Keep in mind that all of this depends on the output you want. The AI will try to clone everything in the audio, but for the AI to work optimally and predictably, we suggest following the guidelines mentioned above.

Once you’ve uploaded your samples, there are four stages of the cloning process that you might see on your voice card.

  • Verify: This means that they have uploaded the voice samples, but you have not yet finished the verification step. You will need to finish this step before it can start training.
  • Processing: This means that the voice has been verified and is preprocessing, ready to be trained.
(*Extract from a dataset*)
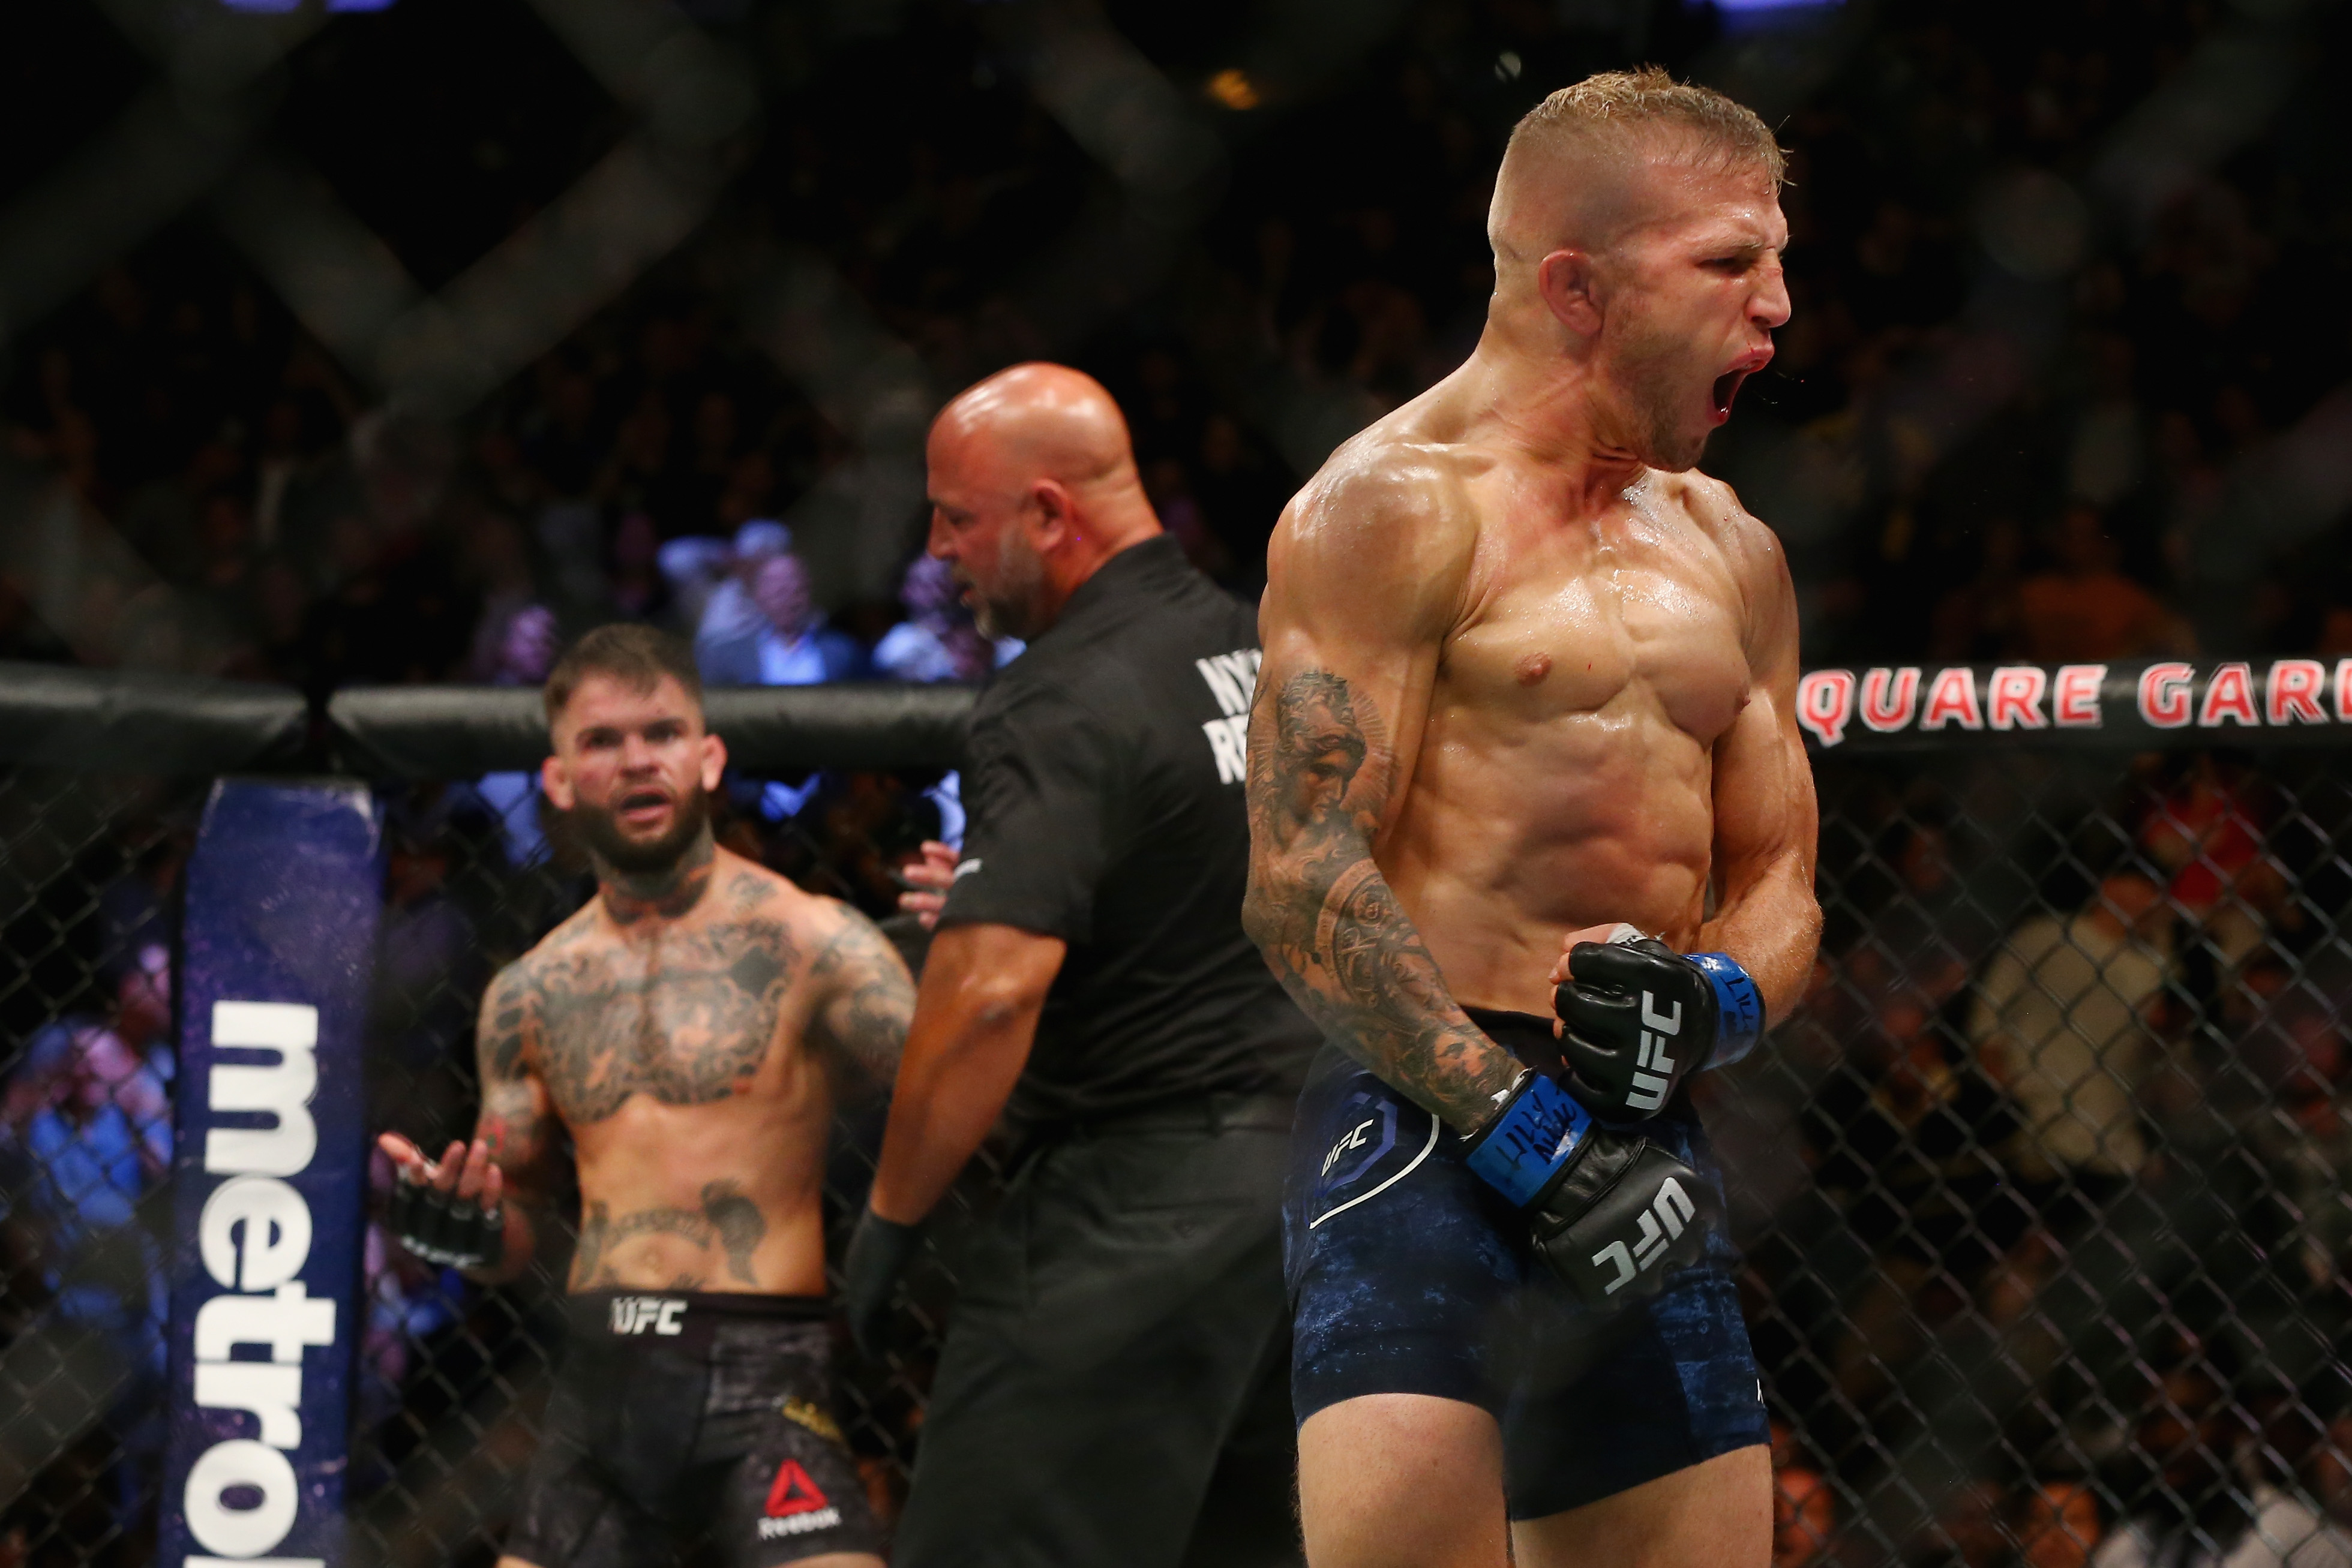 UFC 217: Garbrandt v Dillashaw

When you’ve reached this step, the rest is automatic, and you will not need to do anything.
  • Fine-tuning: This is when the voice is actually training. Along with this label, you will also see a loading bar to show you the progress.
  • Fine-tuned: This means the voice has finished training and is ready to be used!

Scripts

What you read is not very important; how you read it is very important, however. The AI will try to mimic everything it hears in a voice: the tonal quality, the accent, the inflection, and many other intricate details. It will replicate how you pronounce certain words, vowels, and consonants, but not the actual words themselves. So, it is better to choose a text or script that conveys the emotion you want to capture, and read in a tone of voice you want to use.